The Chinese have a saying: “Ears deaf to the outside world, they do nothing but pore over the sages’ texts” (两耳不闻窗外事，一心只读圣贤书。or Liǎng ěr bù wén chuāngwài shì, yī zhǐ dú shèng xián shū.)
In other words, get out there and use what you’ve learned from your books!
That’s been my mantra for the past three weeks in Beijing.
I bought a guitar during my second week here. It’s a decent practice guitar and only cost me US$45. The store I bought it from was located in a cluster of music stores along a major road in Beijing. From what I could tell, business wasn’t booming. When I entered the store, the owner, who couldn’t have been more than 30 years old, was chatting with three of his friends. As soon as I told him I wanted to buy a guitar, all four leapt up to assist me.

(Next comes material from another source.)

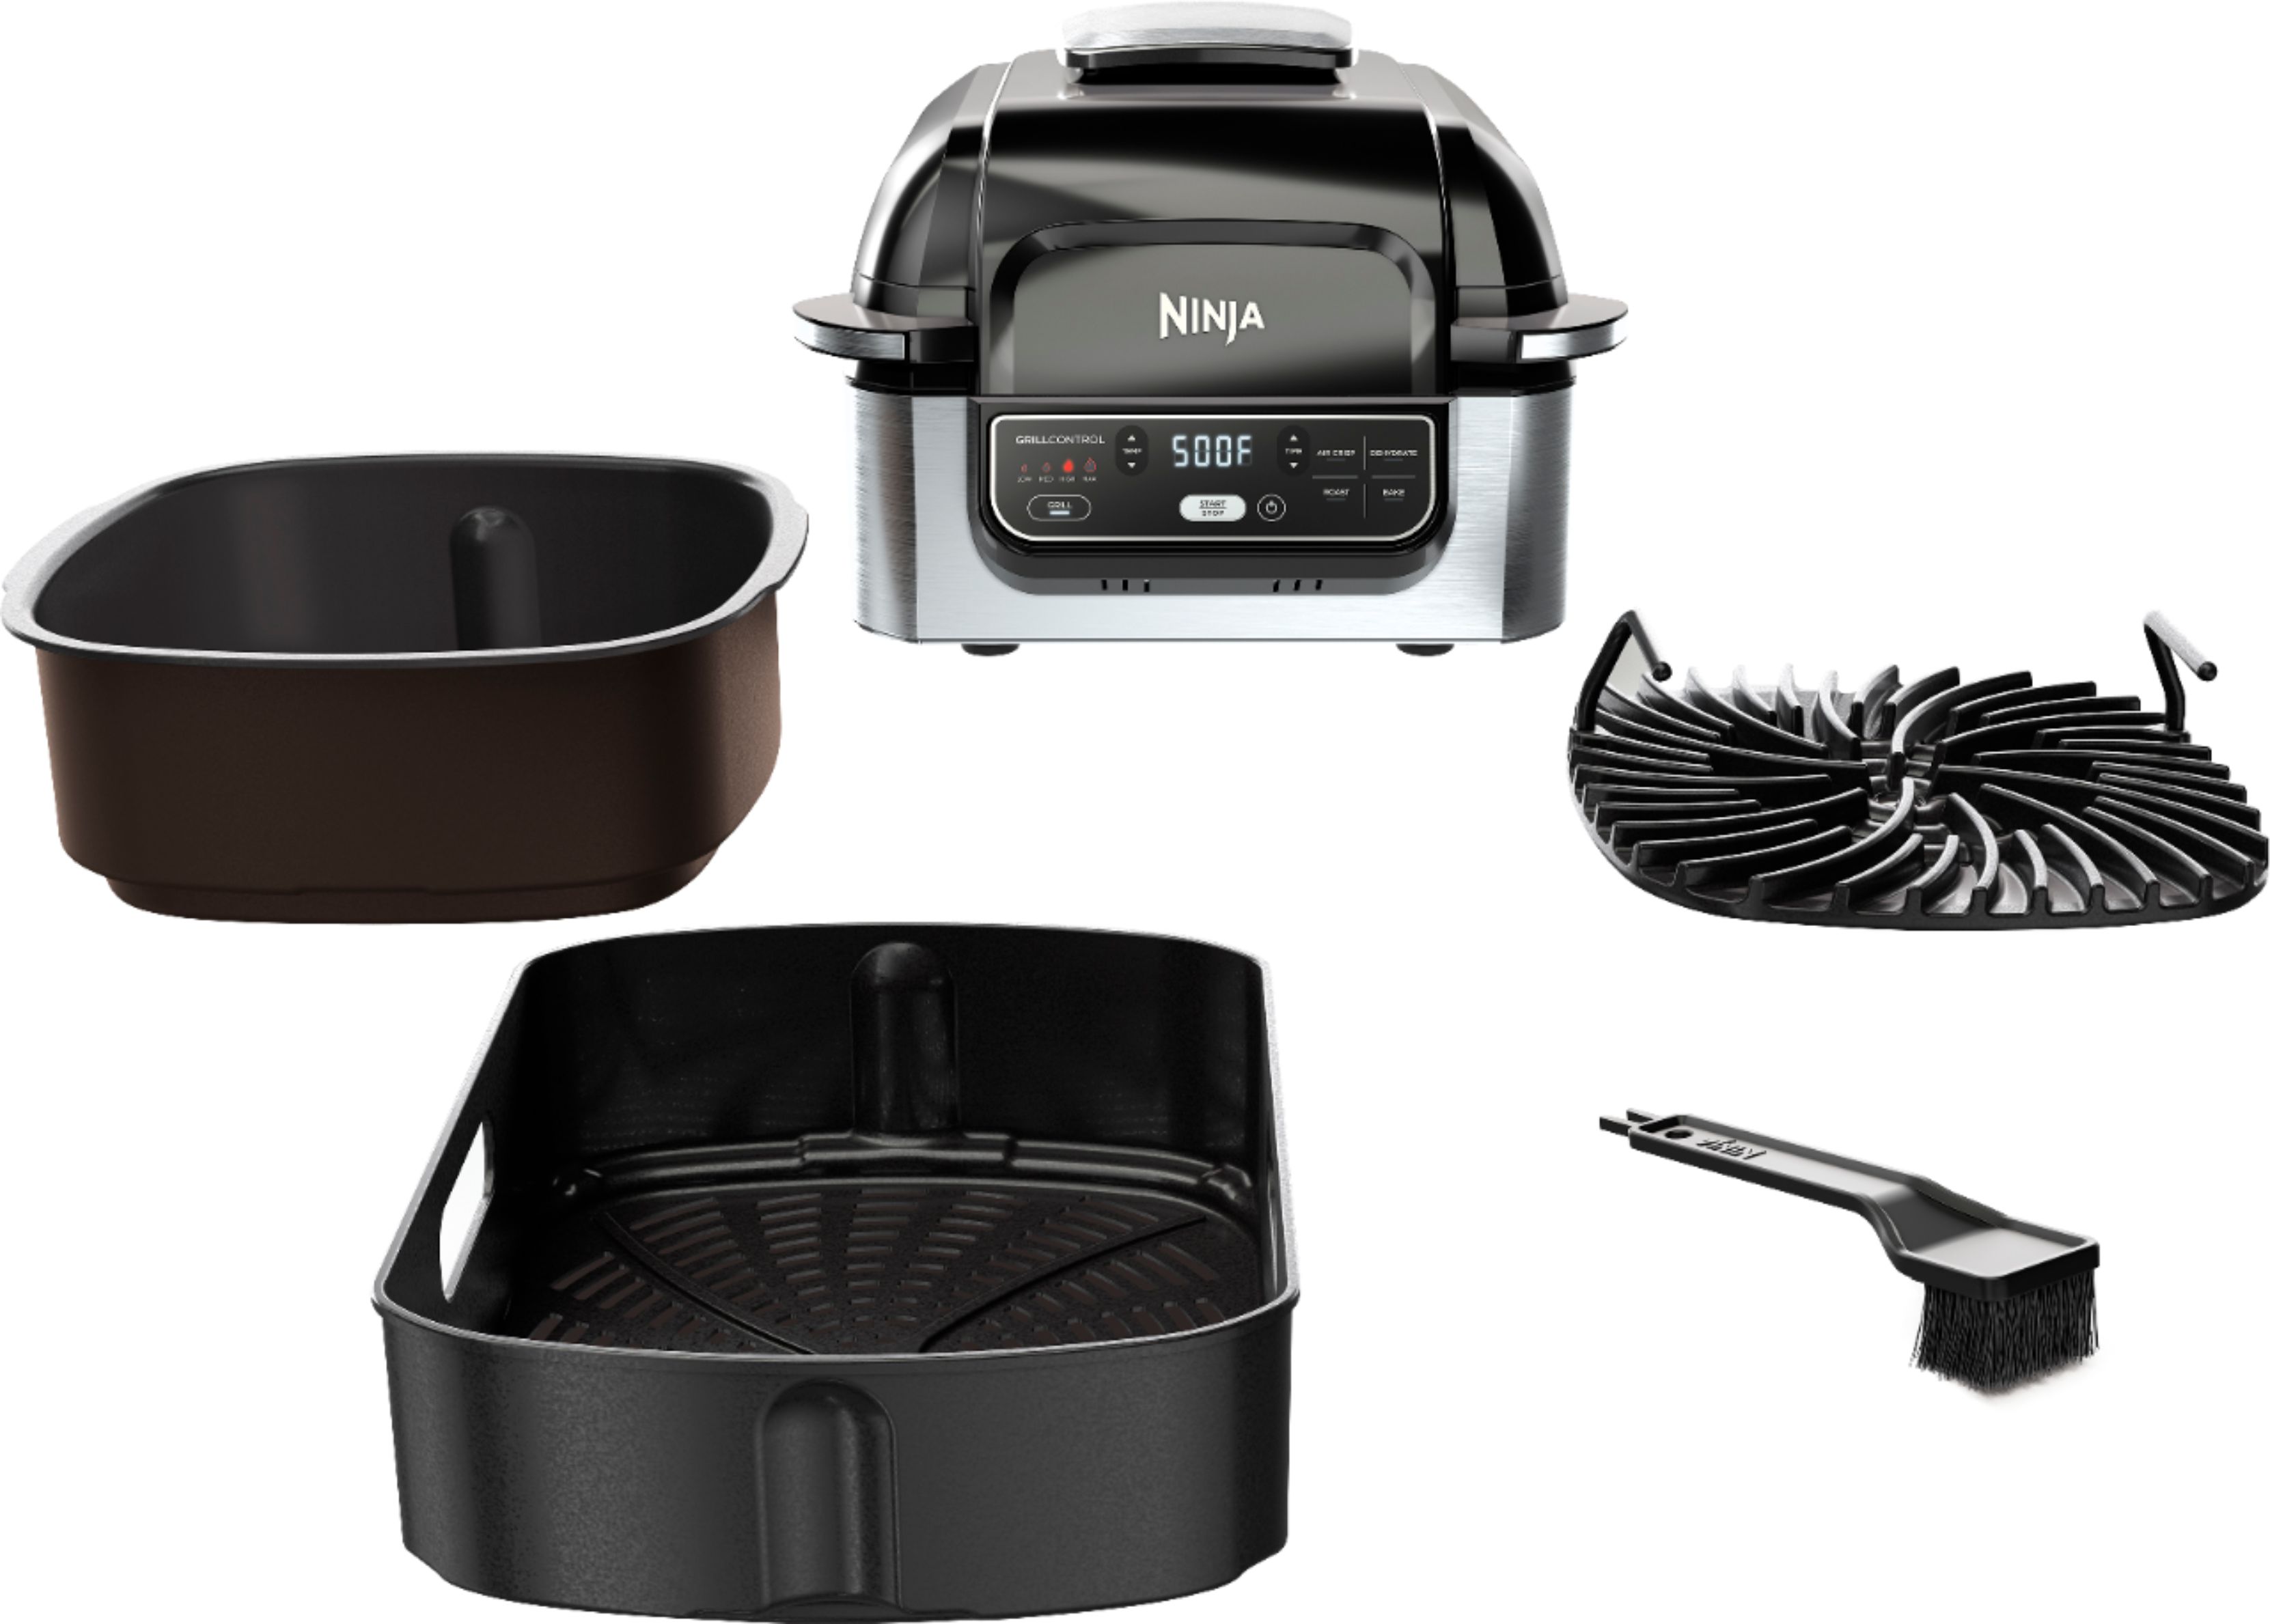  Ninja Foodi XL Pro 5-in-1 Indoor Grill & Griddle with 4-Quart  Air Fryer, and Bake, IG600 : Home & Kitchen
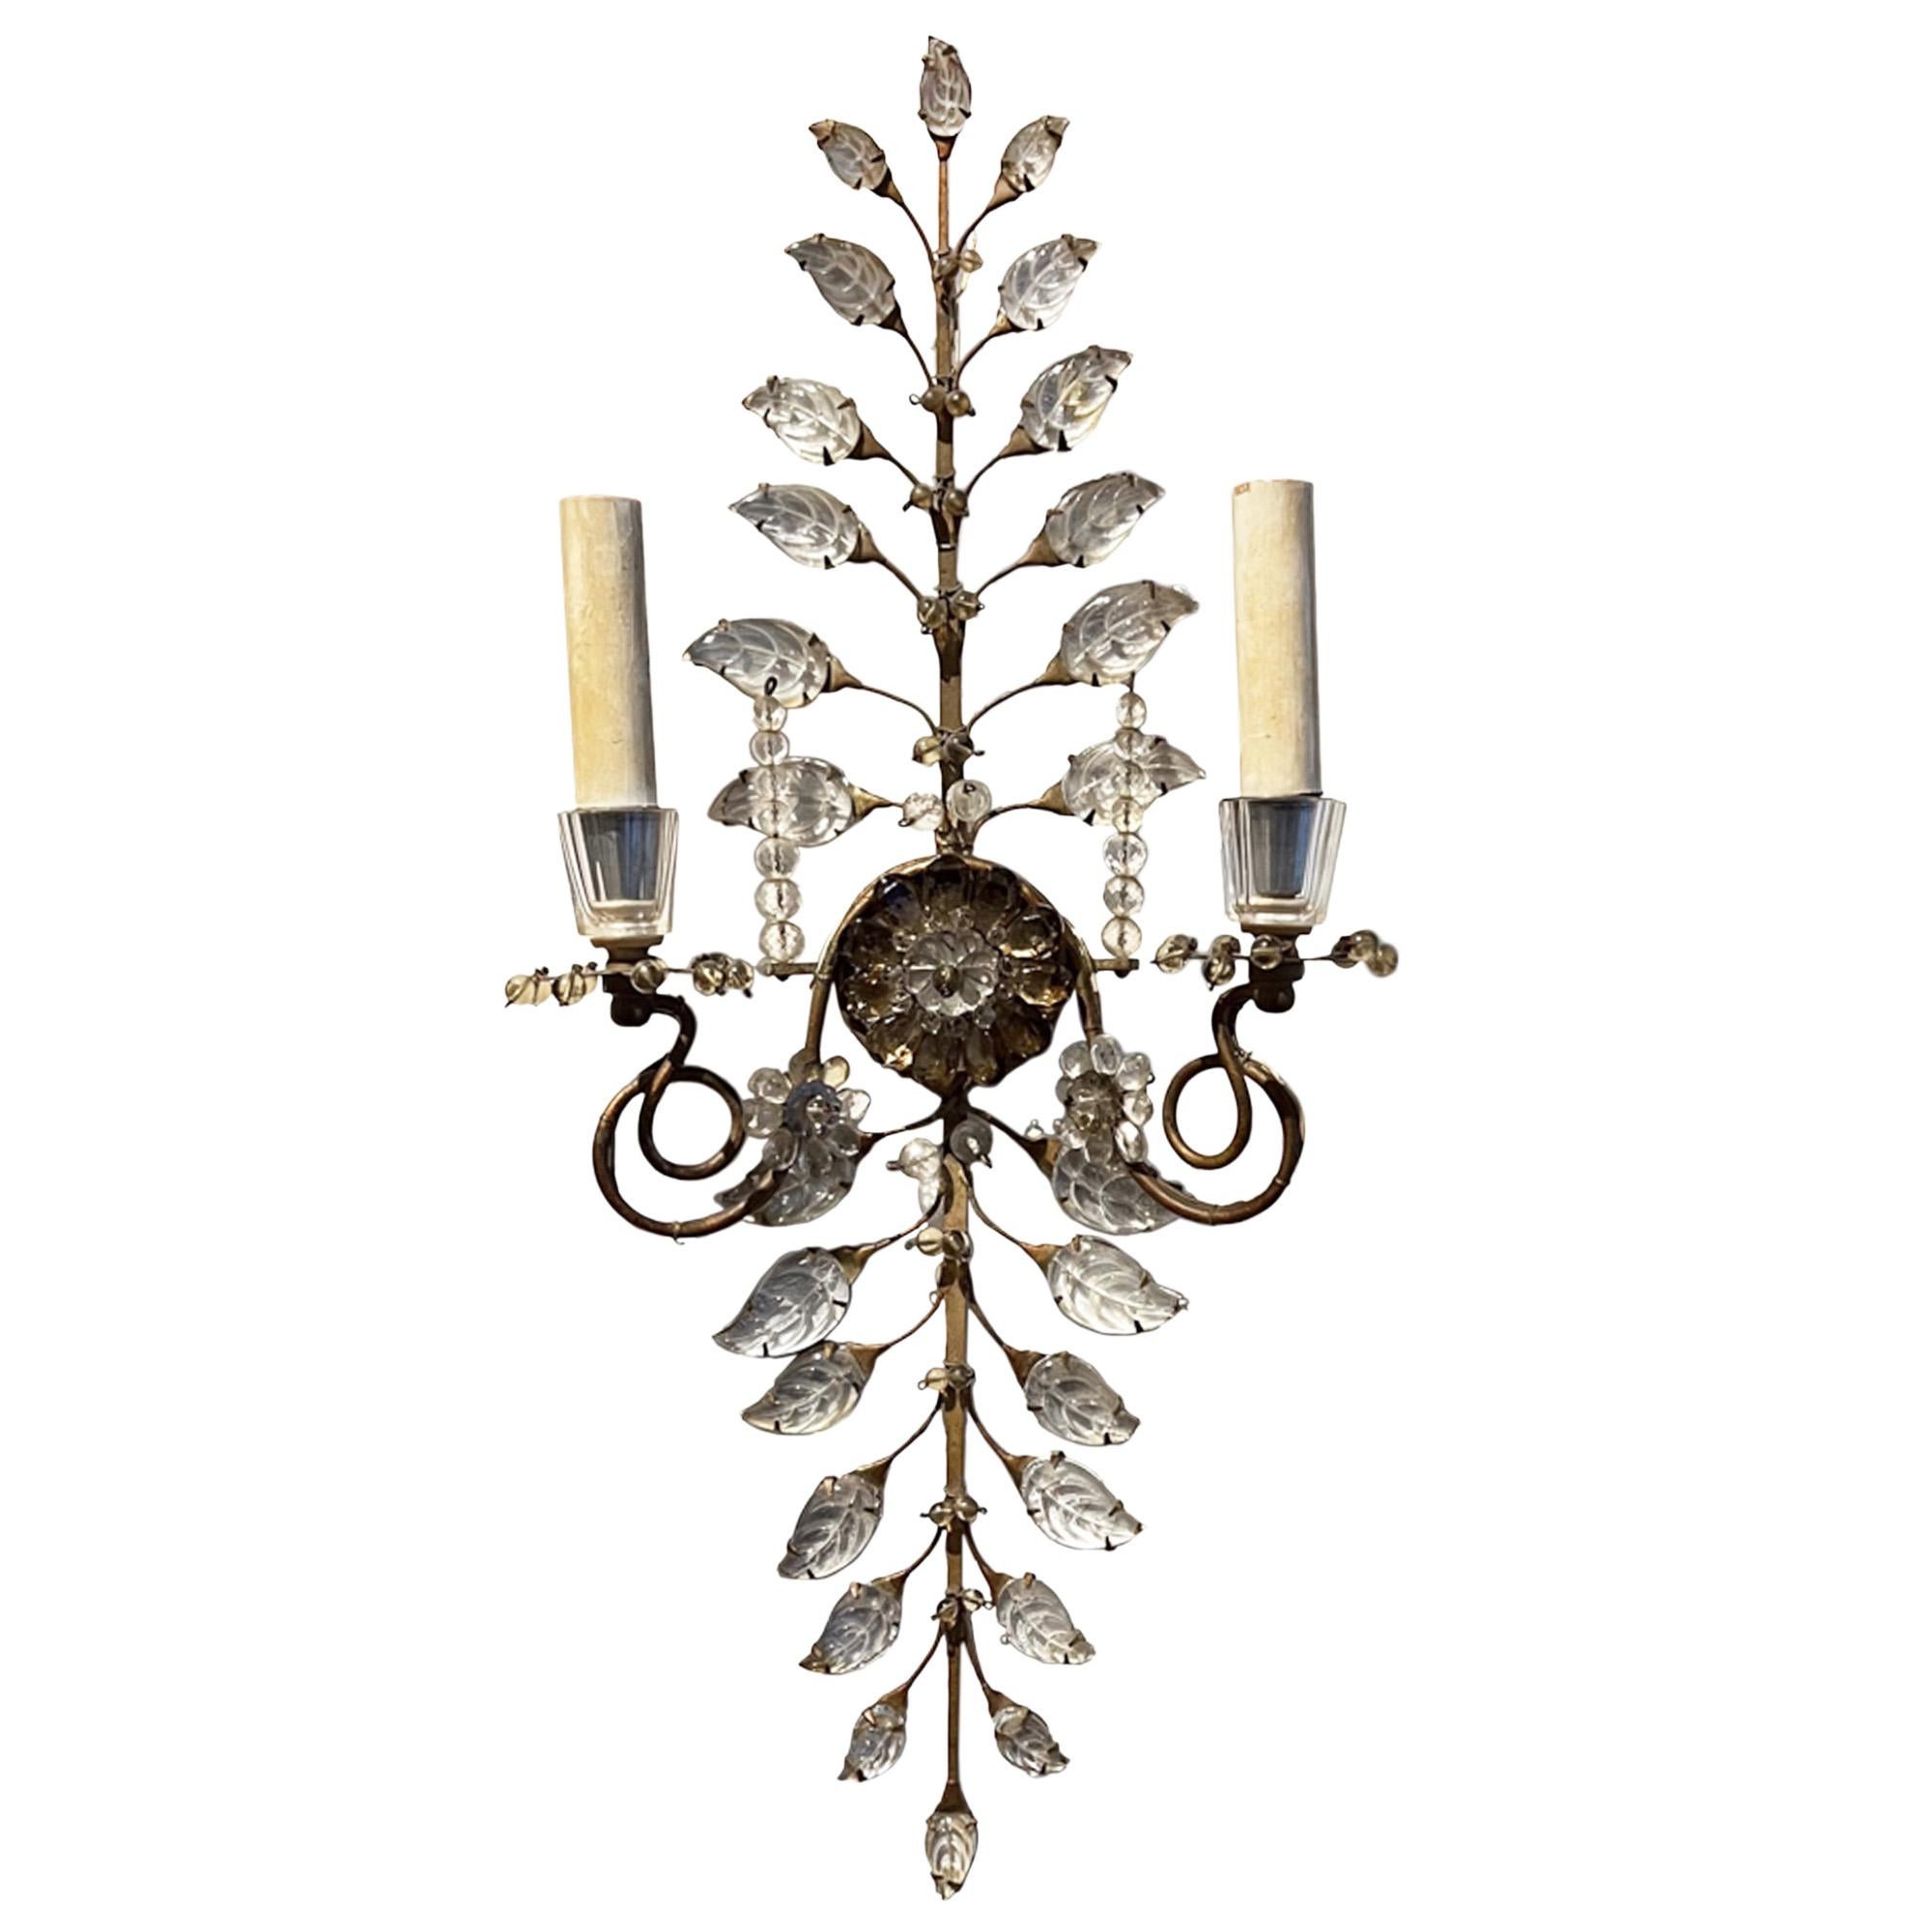 Art Nouveau Large Pair of Maison Baguès Style Wall Sconces With Flowers and Leaves

The lesson in our textbook for that day had focused on haggling in Chinese. However, in-class practice with my teachers did little to prepare me for what came next.
I asked the owner if he could lower the price a little bit. The torrent of language that followed made me feel as though I’d ruptured a major pipe beneath a sink; I definitely didn’t have enough plumbing experience to fix the problem.
This accelerating stream of words, spoken with increasing volume and accompanied by frenzied gestures to highlight the guitar’s various features was overwhelming. The owner’s thick Beijing accent also meant that many of these words had pirate-style “arr’s” attached to the end.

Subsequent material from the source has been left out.